■ TASK GOAL: Would you restate each line of the data below word for word, without its pictures?

■ DATA BELOW:
◇ ◇ ◇ ◇ ◇ ◇ ◇
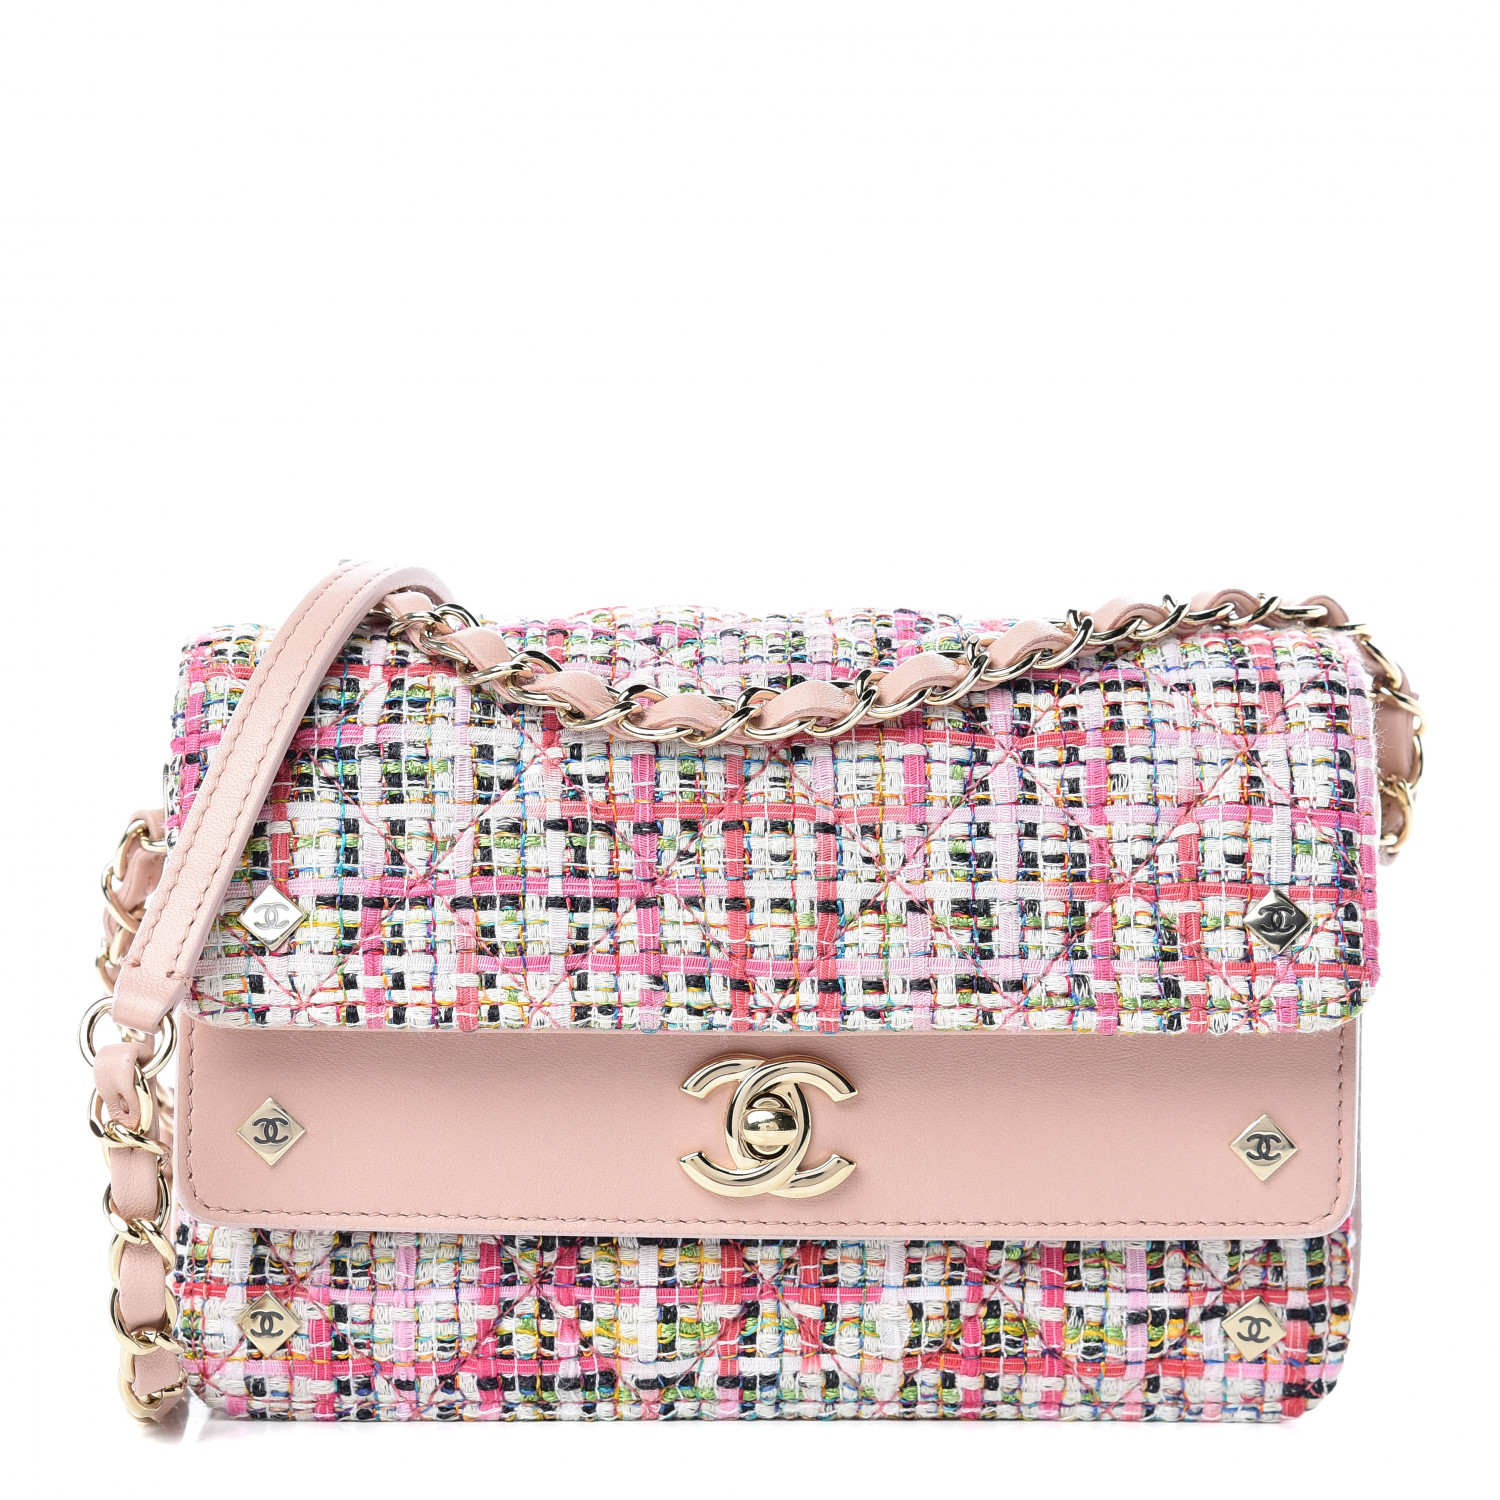 CHANEL Tweed Calfskin Quilted CC Box Flap Pink Multicolor 440613 ...
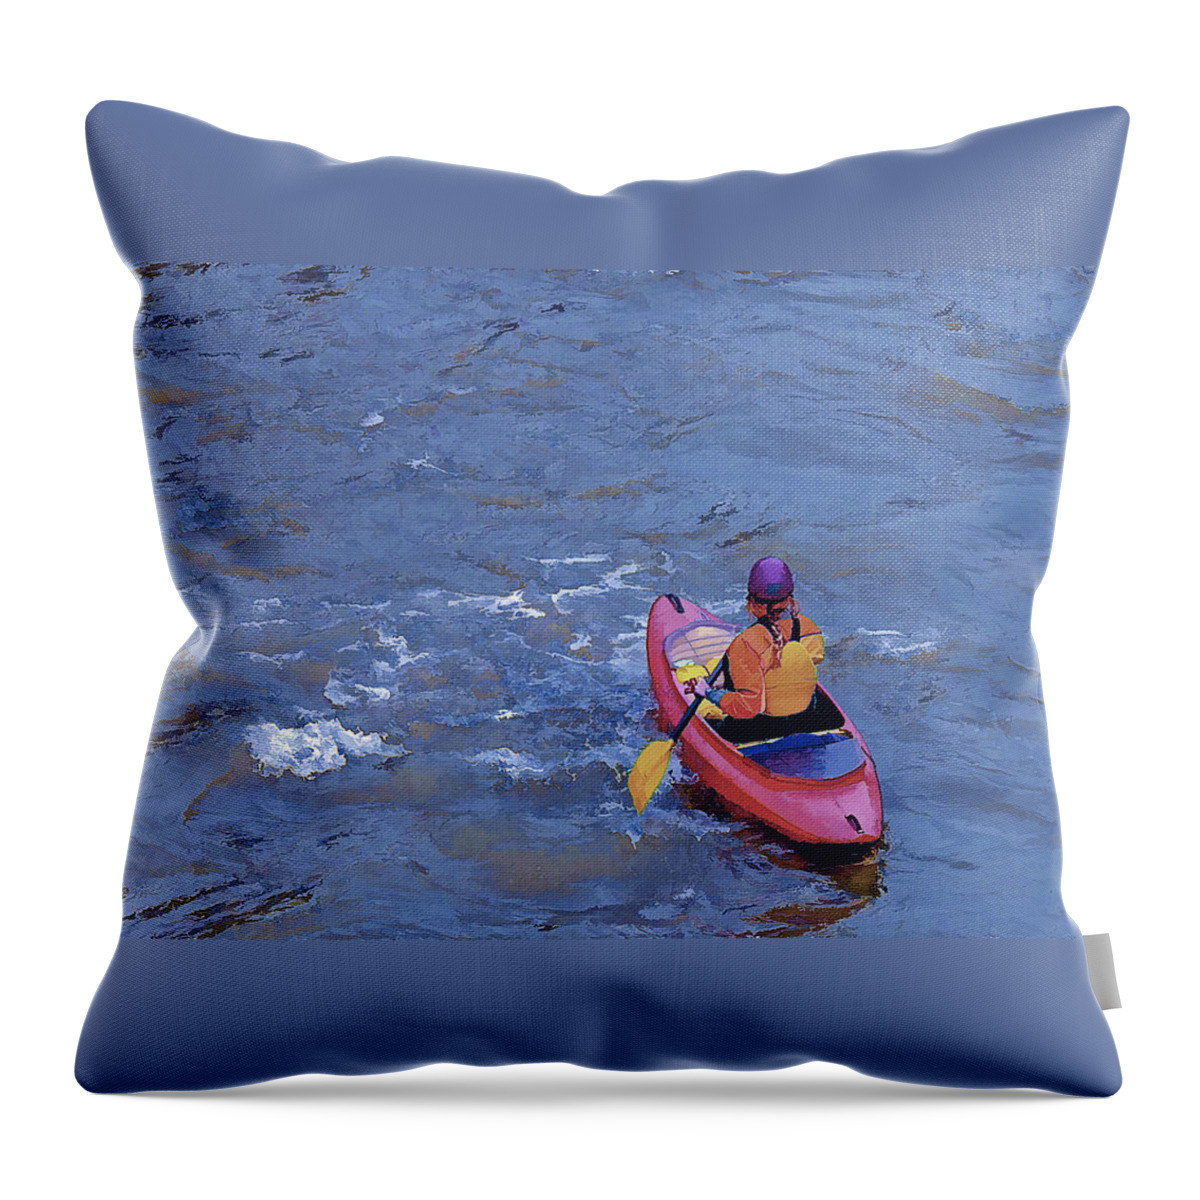  Female Throw Pillow featuring the photograph Purple Pigtails by Jack R Perry
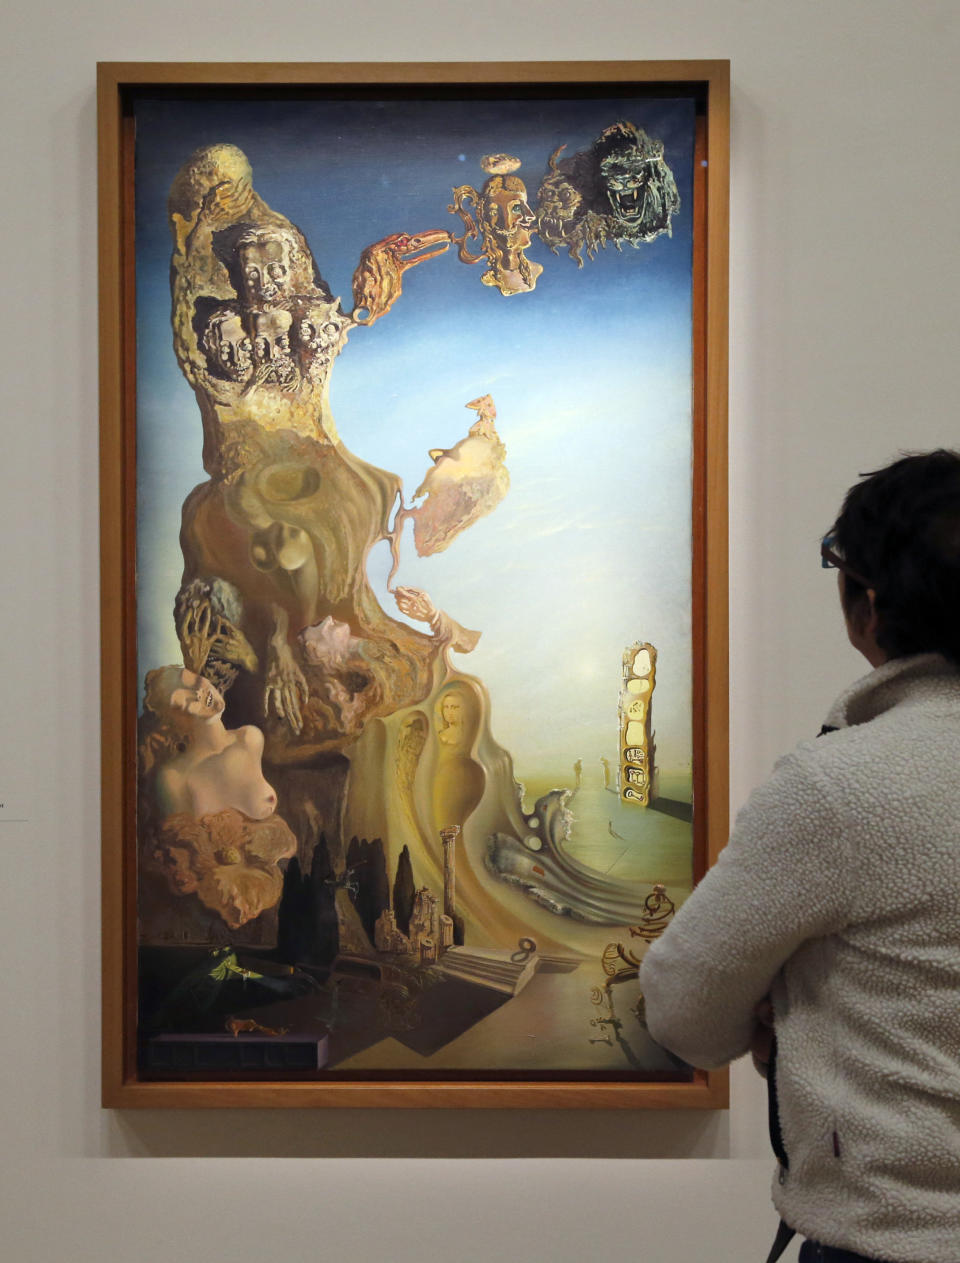 A visitor looks at a painting entitled 'Monument imperial à la femme-enfant' (Imperial Monument to the Child Woman) by Spanish surrealist artist Salvador Dali's during an exhibition devoted to his work at the Centre Pompidou contemporary art center (aka Beaubourg) on November 19, 2012 in Paris. More than 30 years after the first retrospective in 1979, the event gathers more than 200 art pieces and runs until March 13, 2013. (FRANCOIS GUILLOT/AFP/Getty Images)
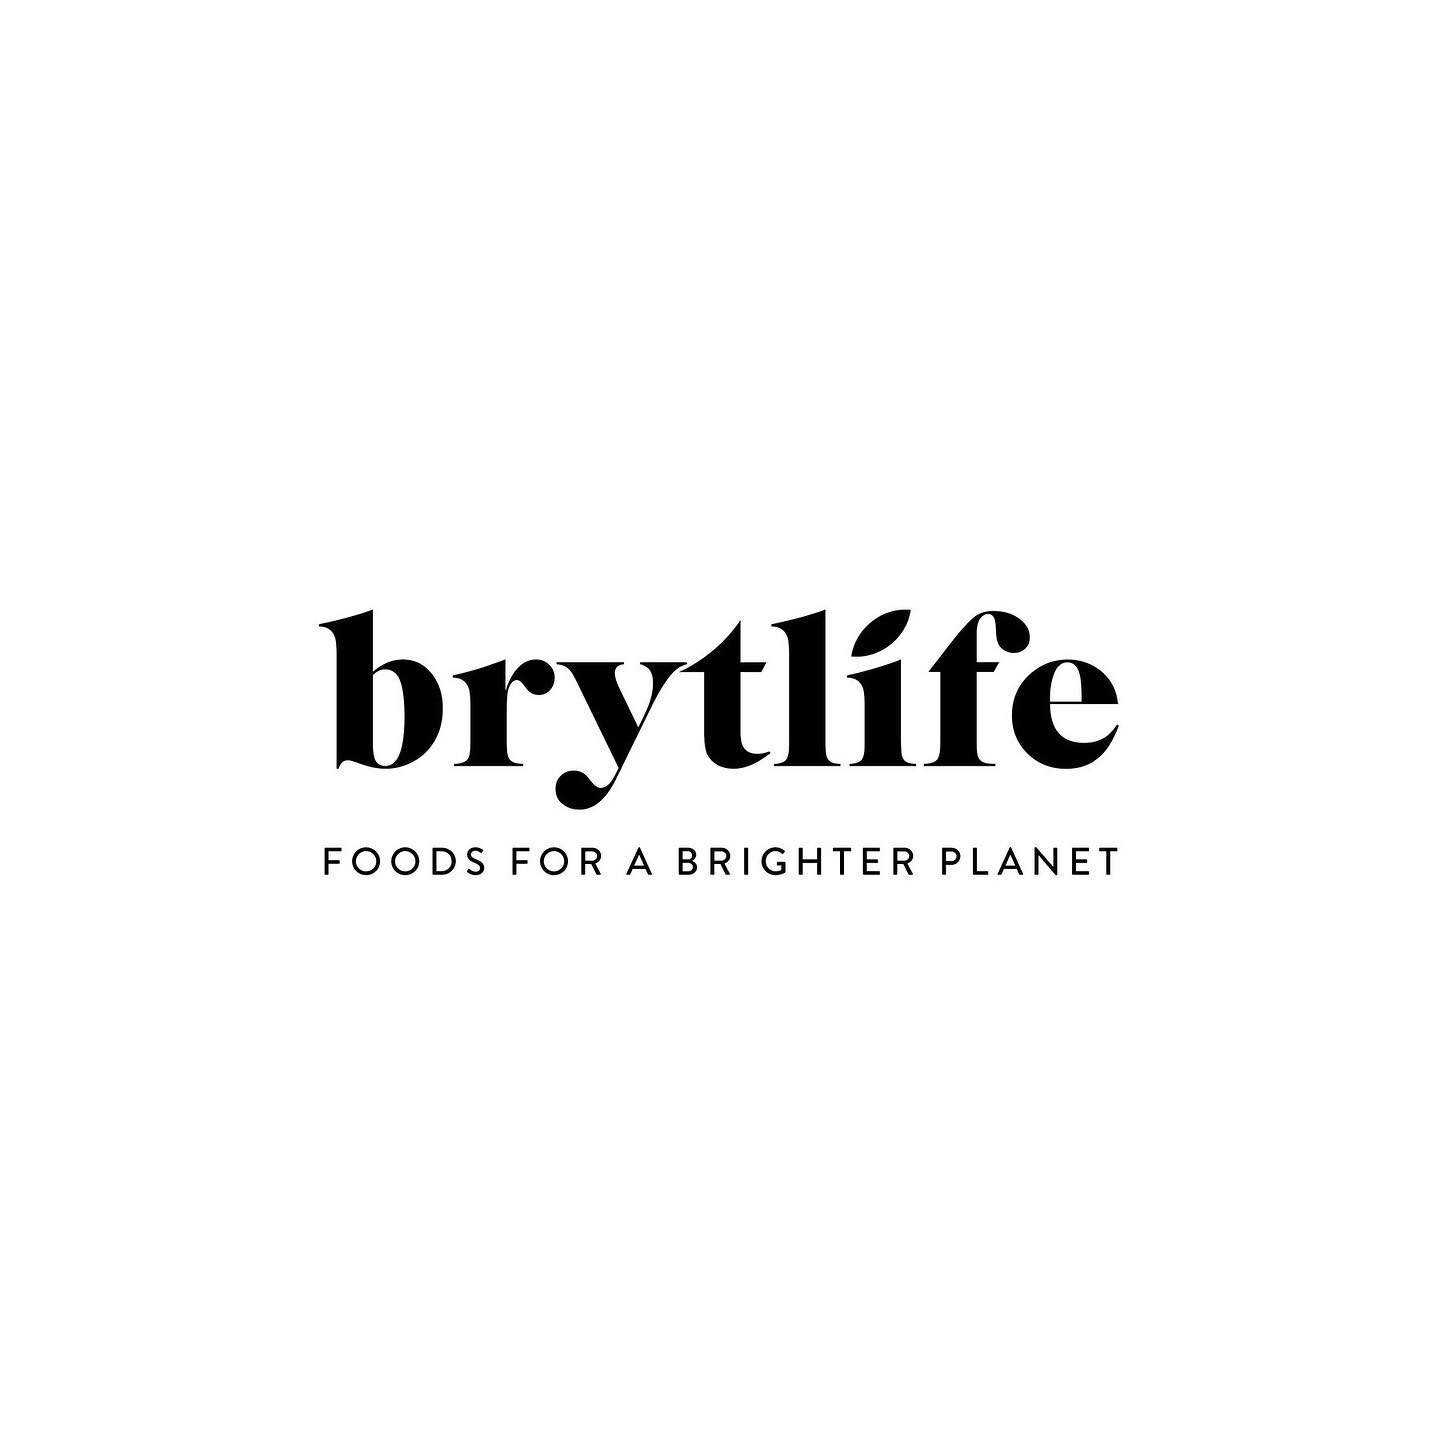 Brytlife Foods specializes in delicious, creamy dairy-free products. &nbsp;Brytlife began in 2014 when Lita Dwight, an animal adoring vegan foodie, wanted to create a product that was delicious, decadent and decidedly kinder than traditional dairy yo
◇ ◇ ◇ ◇ ◇ ◇ ◇
■ SOLUTION TO THIS TASK:
 CHANEL Tweed Calfskin Quilted CC Box Flap Pink Multicolor 440613 ...
  Female Throw Pillow featuring the photograph Purple Pigtails by Jack R Perry
 A visitor looks at a painting entitled 'Monument imperial à la femme-enfant' (Imperial Monument to the Child Woman) by Spanish surrealist artist Salvador Dali's during an exhibition devoted to his work at the Centre Pompidou contemporary art center (aka Beaubourg) on November 19, 2012 in Paris. More than 30 years after the first retrospective in 1979, the event gathers more than 200 art pieces and runs until March 13, 2013. (FRANCOIS GUILLOT/AFP/Getty Images)
 Brytlife Foods specializes in delicious, creamy dairy-free products. &nbsp;Brytlife began in 2014 when Lita Dwight, an animal adoring vegan foodie, wanted to create a product that was delicious, decadent and decidedly kinder than traditional dairy yo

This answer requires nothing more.